Published October 17, 2021 | Version 1.0.0
Dataset Open

Synthetic noisy urban soundscapes: a dataset of synthetic soundscapes with real urban backgrounds

  • 1. Northwestern University
  • 2. Mitsubishi Electric Research Laboratory
  • 3. New York University
  • 4. New Jersey Institute of Technology

Description

Publication

 

If you use this data in your work, please cite the following paper, which introduced this dataset:

 

[1] Pishdadian, F., Wichern, G., & Le Roux, J. (2020). Finding strength in weakness: Learning to separate sounds with weak supervision. IEEE/ACM Transactions on Audio, Speech, and Language Processing (TASLP). [pdf]

[2] Cramer, A., Cartwright, M., Pishdadian, F., and Bello, J.P. Weakly Supervised Source-Specific Sound Level Estimation in Noisy Soundscapes. In Proceedings of the IEEE Workshop on Applications of Signal Processing to Audio and Acoustics (WASPAA), 2021. [pdf]


Created by

Fatemeh Pishdadian (1), Gordon Wichern (2), Jonathan Le Roux (2), Aurora Cramer (3, 4), Mark Cartwright (5), and Juan Pablo Bello (3,4,6,7)

    1. Interactive Audio Lab, Northwestern University
    2. Mitsubishi Electric Research Laboratory
    3. Music and Audio Research Lab, New York University
    4. Department of Electrical and Computer Engineering, New York University
    5. Department of Informatics, New Jersey Institute of Technology
    6. Center for Urban Science and Progress, New York University
    7. Department of Computer Science and Engineering, New York University


Description

Synthetic noisy urban soundscapes (SNUSS) is a dataset of synthetic soundscapes with real urban background noise meant to mimic urban soundscapes.
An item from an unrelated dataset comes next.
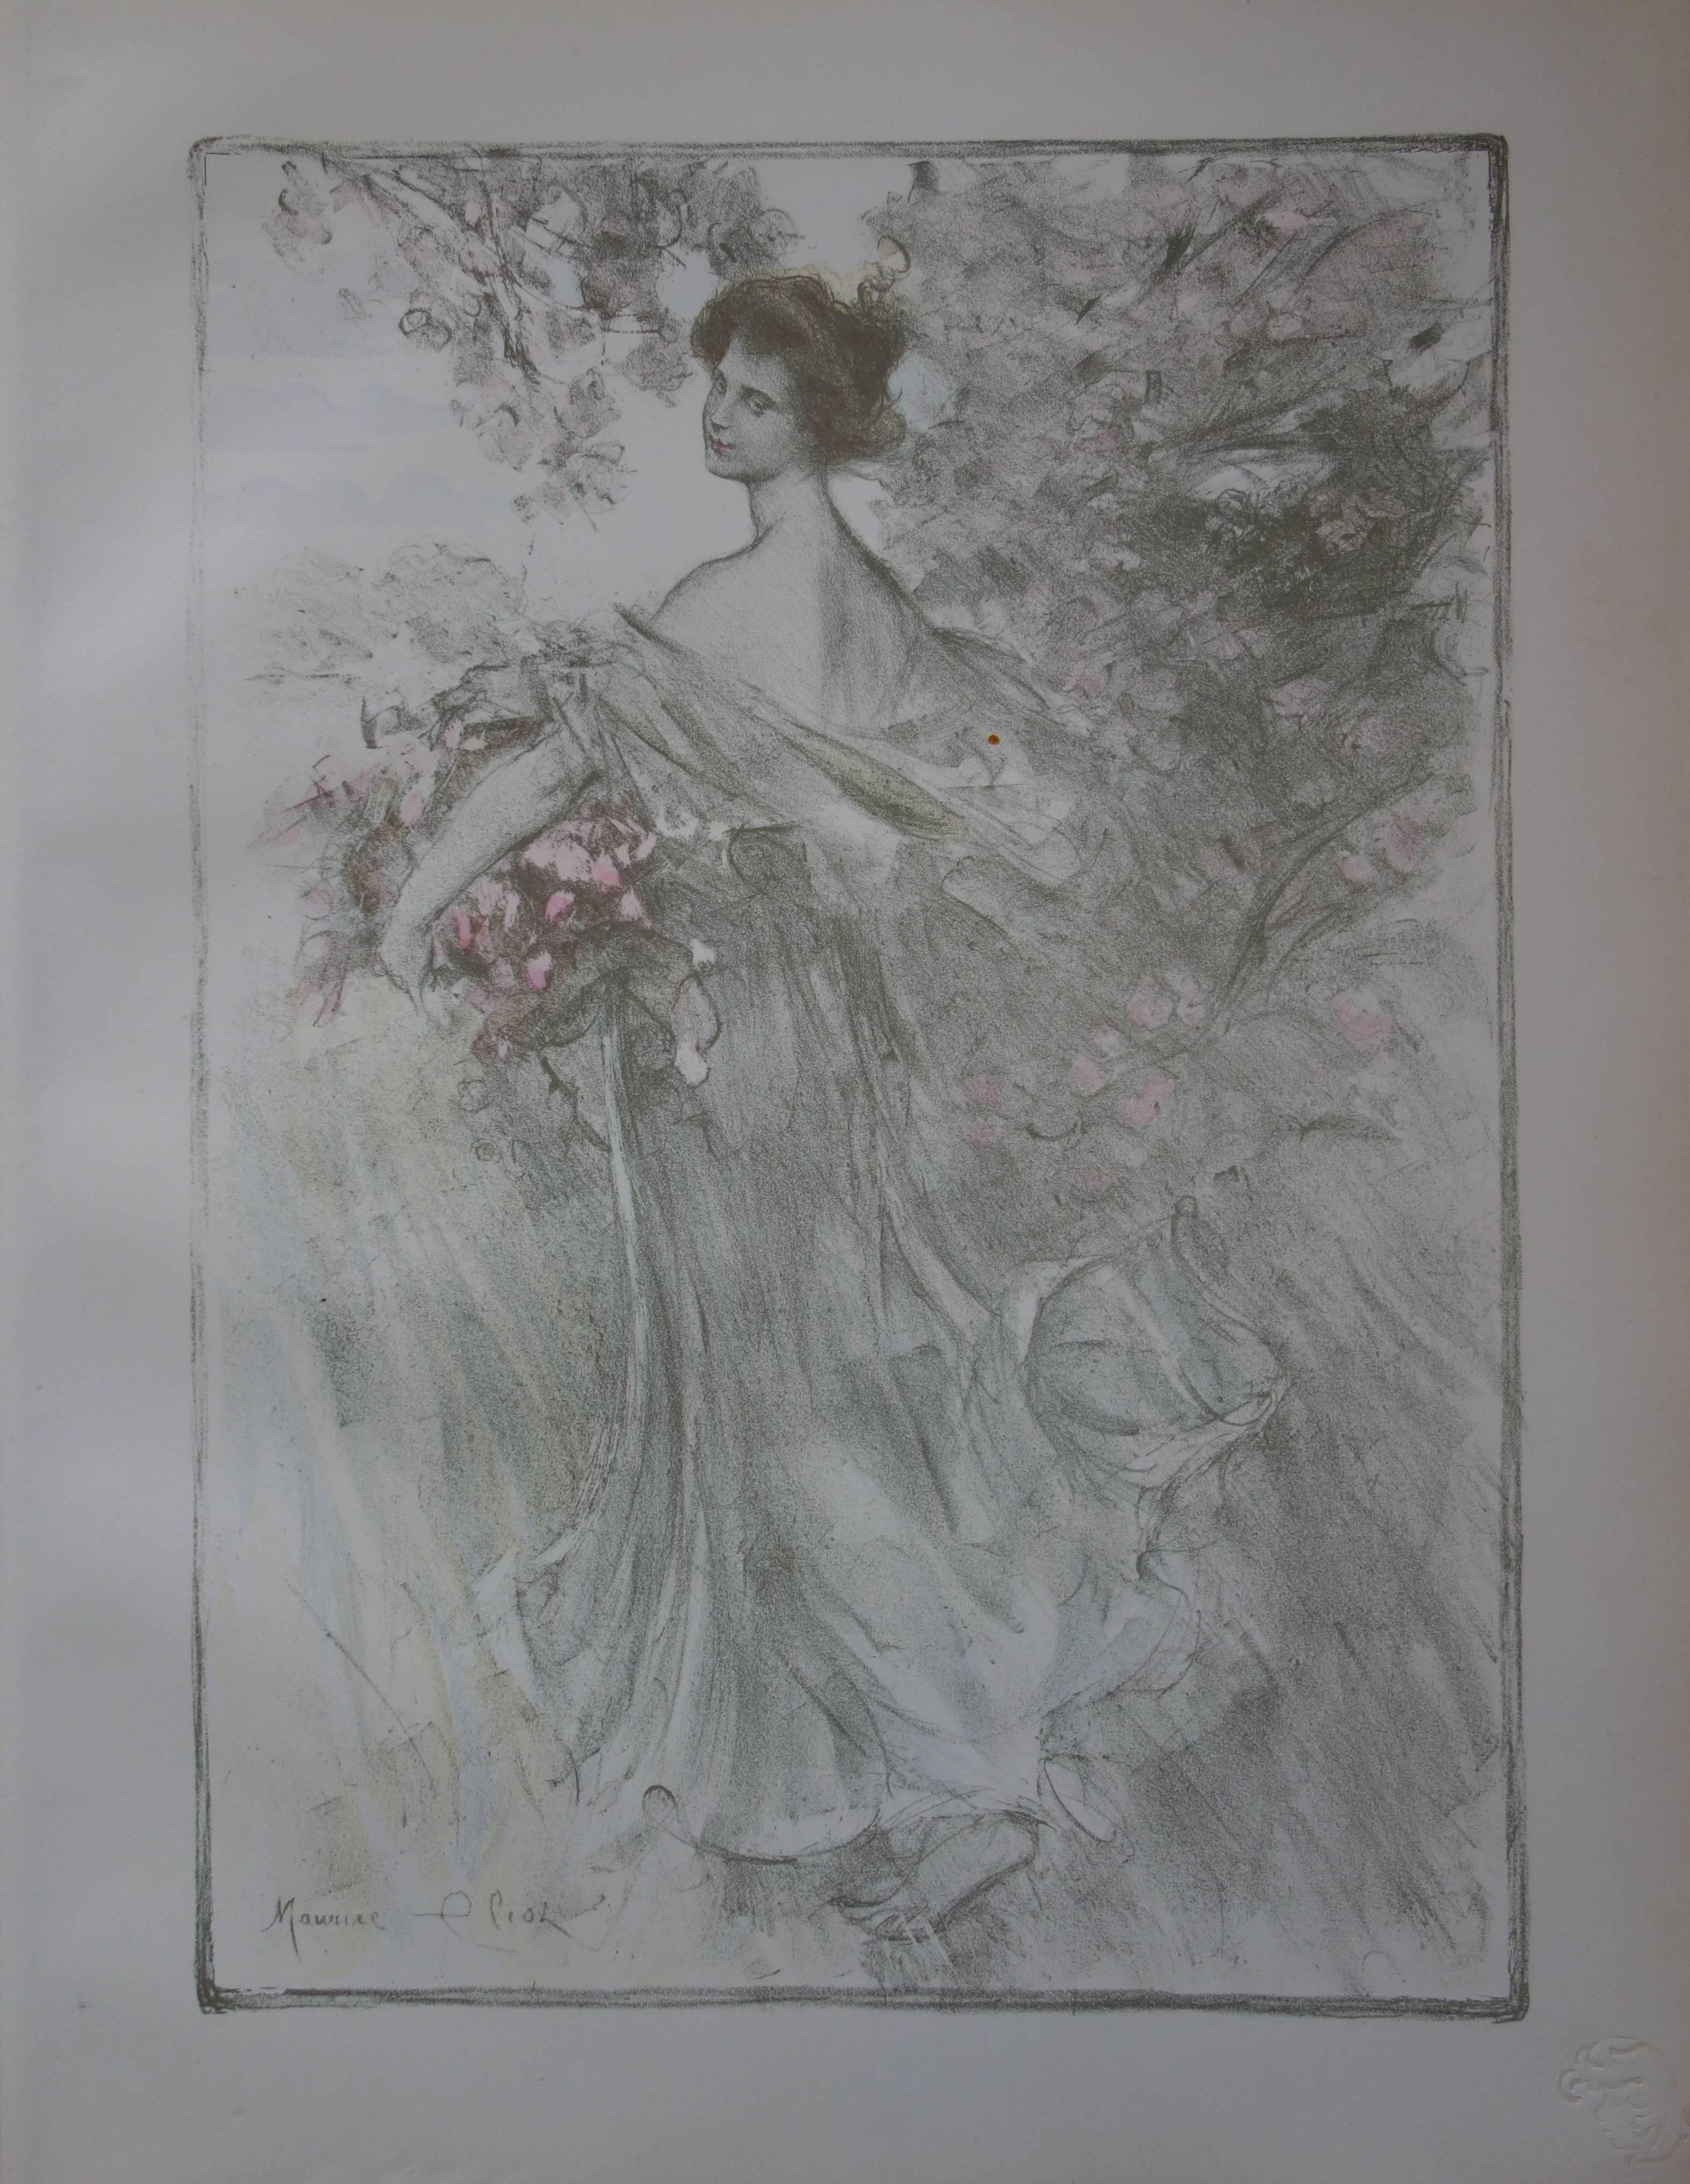 Maurice Eliot Figurative Print - Spring - Original lithograph - 1897

This dataset contains 30,000 10 second mixtures, their isolated components, and auto-generated annotations. This dataset was developed with the goal of synthesizing soundscapes with a diverse set of realistic sounding background activity, for use in developing and evaluating machine listening systems in urban settings.


Mixture generation

We generate synthetic mixtures using a collection of isolated sound events with class annotations, as well as a collection of urban background noise.  Audio mixtures are 4 seconds long (at 16kHz). We generate a foreground sub-mixture using a subset of clips from UrbanSound8K [3] from the car horn, dog bark, gun shot, jackhammer and siren classes. These clips range from 0.5 s to 4s. The number of events per mixture is sampled from a zero-truncated Poisson distribution with a rate parameter of 5. The class for each event is chosen uniformly at random from the five target classes. The particular sound event is chosen uniformly at random from the available clips for that class. The start time is chosen uniformly throughout the clip such that the entire clip is contained in the 4 second mixture. A brief fade-in and fade-out is applied to the clip to avoid discontinuities. Each clip is set to a sound level sampled uniformly at random in the range -30 to -20 dB LUFS.

For the background audio, we use urban background recordings from the SONYC-Background dataset [2, 4], containing 441 10 second recordings of urban background noise in New York City. For more information, see the SONYC-Backgrounds page. For each mixture, a random background clip is chosen from which we extract a uniformly chosen 4 second segment.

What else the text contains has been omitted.